Most regulators may be working remotely from home, but they’re watching you virtually and they’re bracing for all sorts of fallout from the COVID-19 crisis, including aggressive, abusive and fraudulent sales practices.

Officials from the Securities and Exchange Commission, Finra and the North American State Securities Regulators, who spoke at a specially convened SEC Investor Advisory Committee meeting last night, said they are monitoring for a wide spectrum of aggressive and unsuitable sales and outright fraud amidst the COVID-19 crisis.

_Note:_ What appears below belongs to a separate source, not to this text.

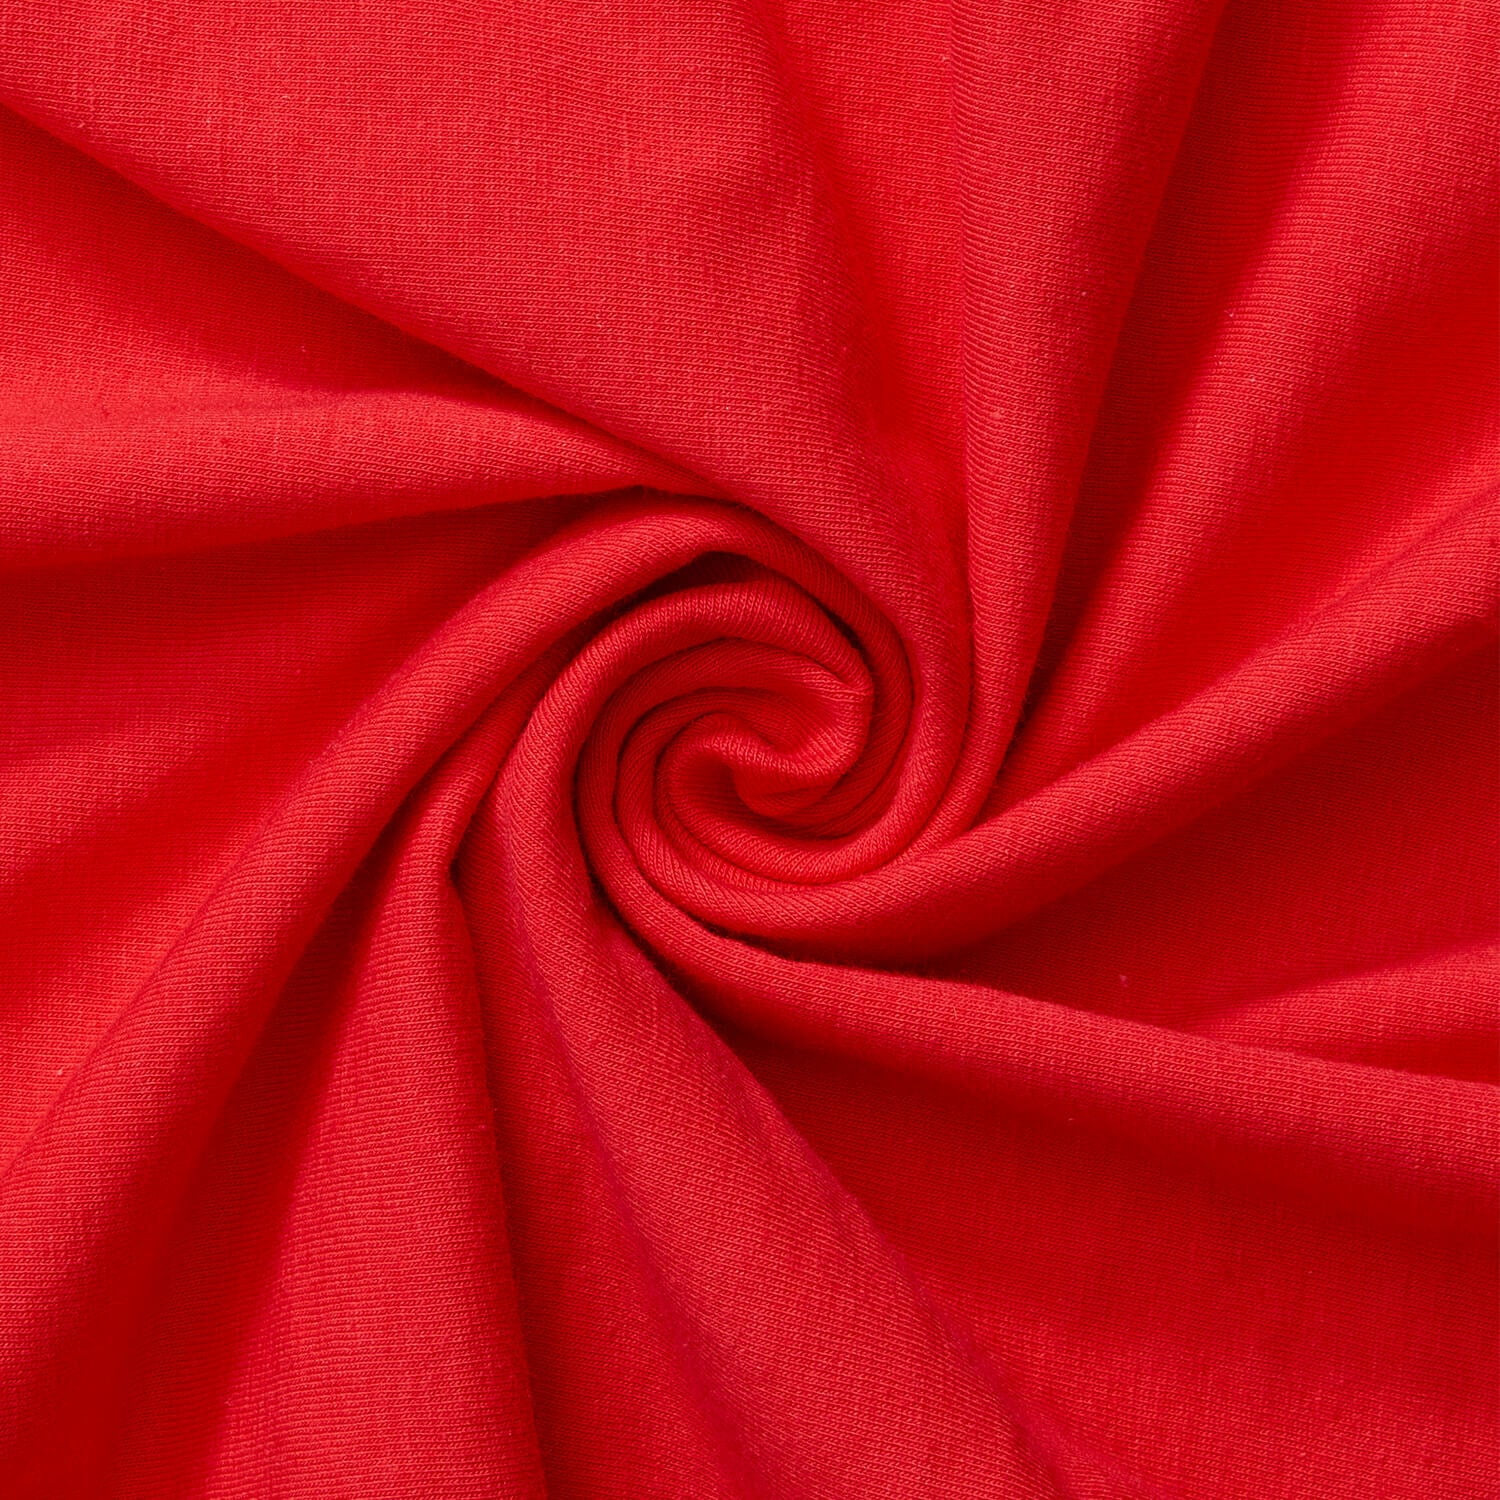  Nylon Lycra Spandex Athletic Stretch Knit Solid Red, Fabric by  the Yard : Arts, Crafts & Sewing

The meeting was webcast for regulators and compliance professionals nationwide.

“During this time Finra is focusing in particular on monitoring for fraud, illicit schemes and other manipulative activities seeking to take advantage of the tumultuous conditions that are created by COVID-19 and the ongoing market volatility that we’ve all been witnessing,” said Gerri Walsh, senior vice president of investor Education at Finra.

“In only a few instances to date have investors complained about recommendations that investment professionals made, for example, to hold a position even as its value declined or a failure to follow instructions, like moving a client to a more conservative portfolio,” Walsh said.

“But our call centers have told me it is still early days and complaints of this nature may well take time to surface,” she added.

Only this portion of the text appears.